Designing schools that support contemporary learning
Department of Education, Western Australia
Why this project mattered
Across Western Australia, new schools and refurbishments were being delivered at scale to meet growing demand. While investment was significant, there was a risk that buildings could prioritise efficiency over educational intent. In short: they all looked the same regardless of local context.
NoTosh worked with educators and experts across the State to create The Education Brief, ensuring that school design decisions are grounded in how learning actually happens, and that environments actively support students and teachers from day one.
Challenge and context: scale, consistency and educational intent
Designing schools at a system level brings unique pressures. Projects must respond to tight budgets, varied sites and fast timelines, while also serving diverse communities and learning needs. Without a clear educational lens, there is a risk that schools look modern but fail to support contemporary teaching practice, or to respond to local needs. A school in rural Western Australia doesn't have the same needs as one in an urban centre.
The challenge was to create a set of design drivers and a toolkit that make it easy to embed learning-first thinking into design decisions. The second challenge was making sure that this would work across multiple schools and contexts.

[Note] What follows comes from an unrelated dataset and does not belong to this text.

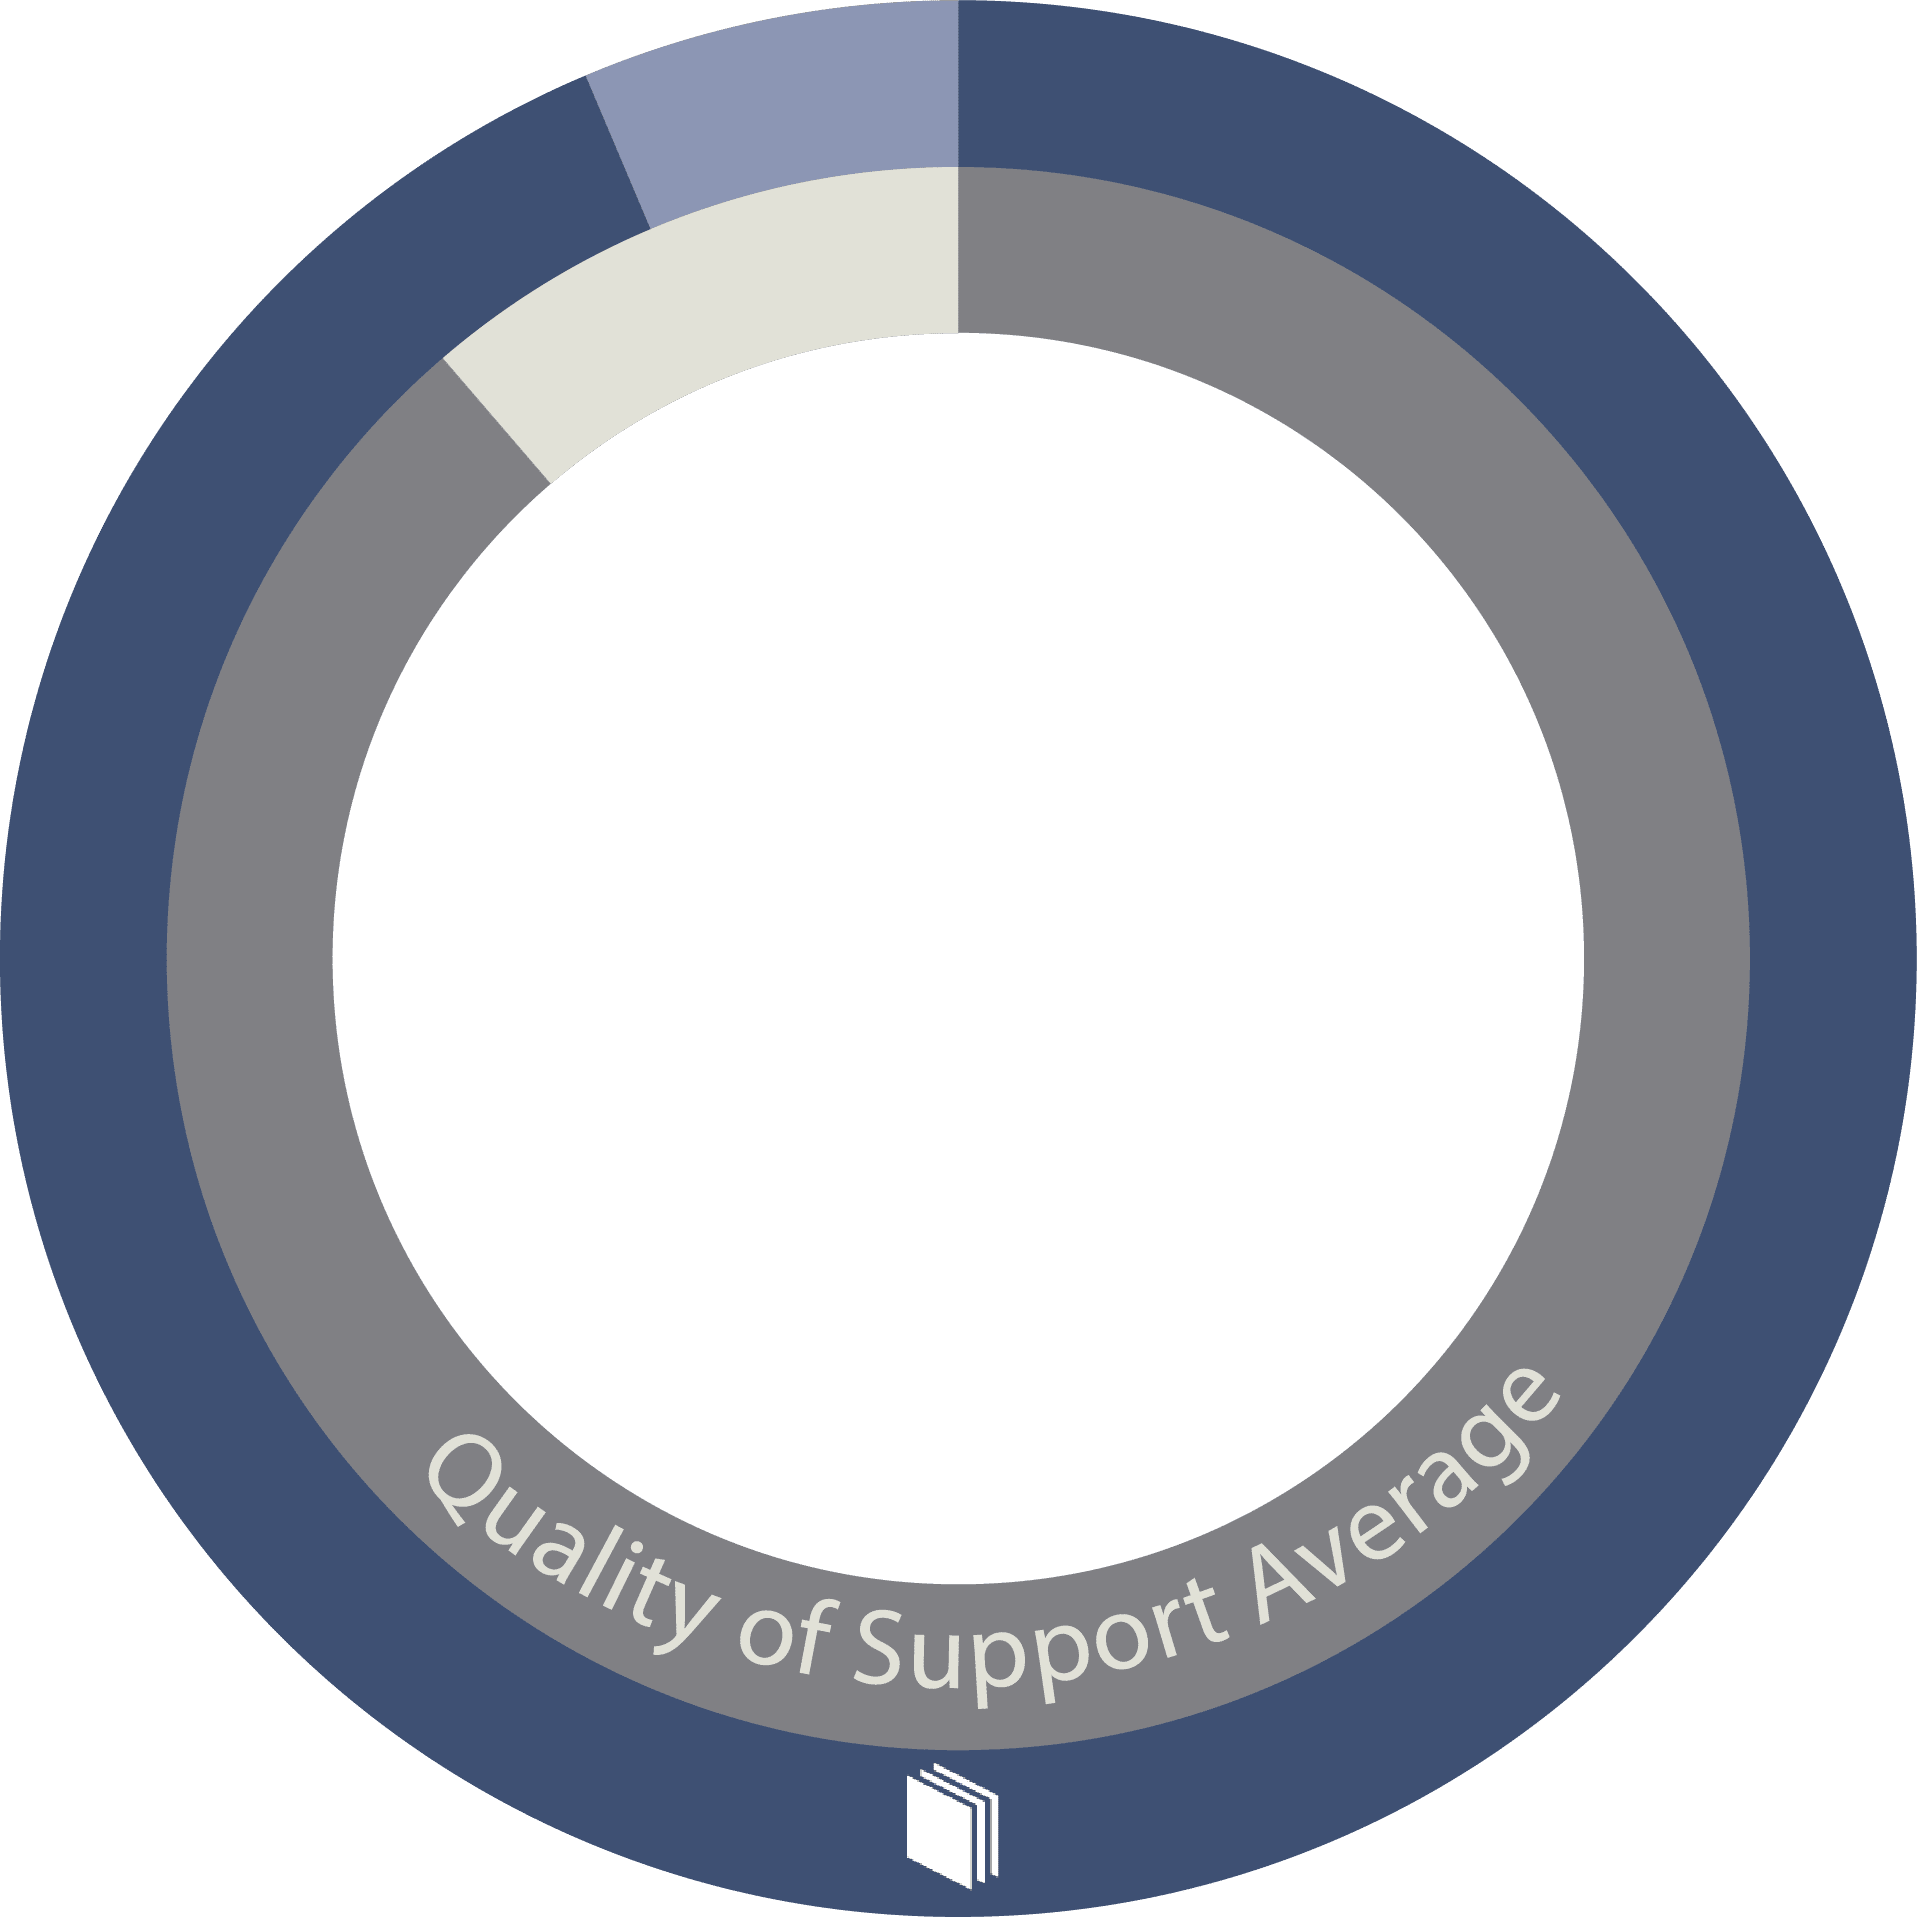 MyCase software is rated 8.8 out of 10 for quality of support, compared to an average of 8.4 out of 10 for other legal case management software.

Insight and approach: translating pedagogy into practical design
We focused on how teachers and students experience school environments every day, identifying patterns that either support or constrain learning. This work highlighted the importance of clarity, flexibility and usability in school design.
- Teachers teach more confidently in spaces that are intuitive and adaptable
- Learning benefits from visibility, connection and access to shared areas
- Simple design moves often have greater impact than complex features
- Schools need environments that can flex as pedagogy and enrolments change
These insights shaped guidance that connected curriculum intent directly to spatial decisions, ensuring design choices were purposeful rather than cosmetic.
By grounding the work in everyday practice, the approach supported designs that teachers could genuinely use and trust.
Co-design and engagement: aligning stakeholders around learning
Educators, families and Department teams contributed insights through workshops that surfaced authentic routines and conditions. The Toolkit we published through the Government of Western Australia illustrates how each principle can translate into practical space design strategies, helping schools imagine what design could offer in their local context.
Best of all, the Toolkit works for refurbishments and minor adaptations just as well as in new builds.

Outcomes and impact: schools built for use, not just completion
The work resulted in clearer alignment between school design and contemporary learning needs across Western Australia. This enables:
- School environments that better support collaboration, focus and movement
- Greater confidence among teachers using new and refurbished spaces
- More consistent learning experiences across different schools
- Design guidance that supports long-term adaptability and value
As a result, new schools are better equipped to support teaching and learning from the moment they open, while remaining flexible enough to evolve over time.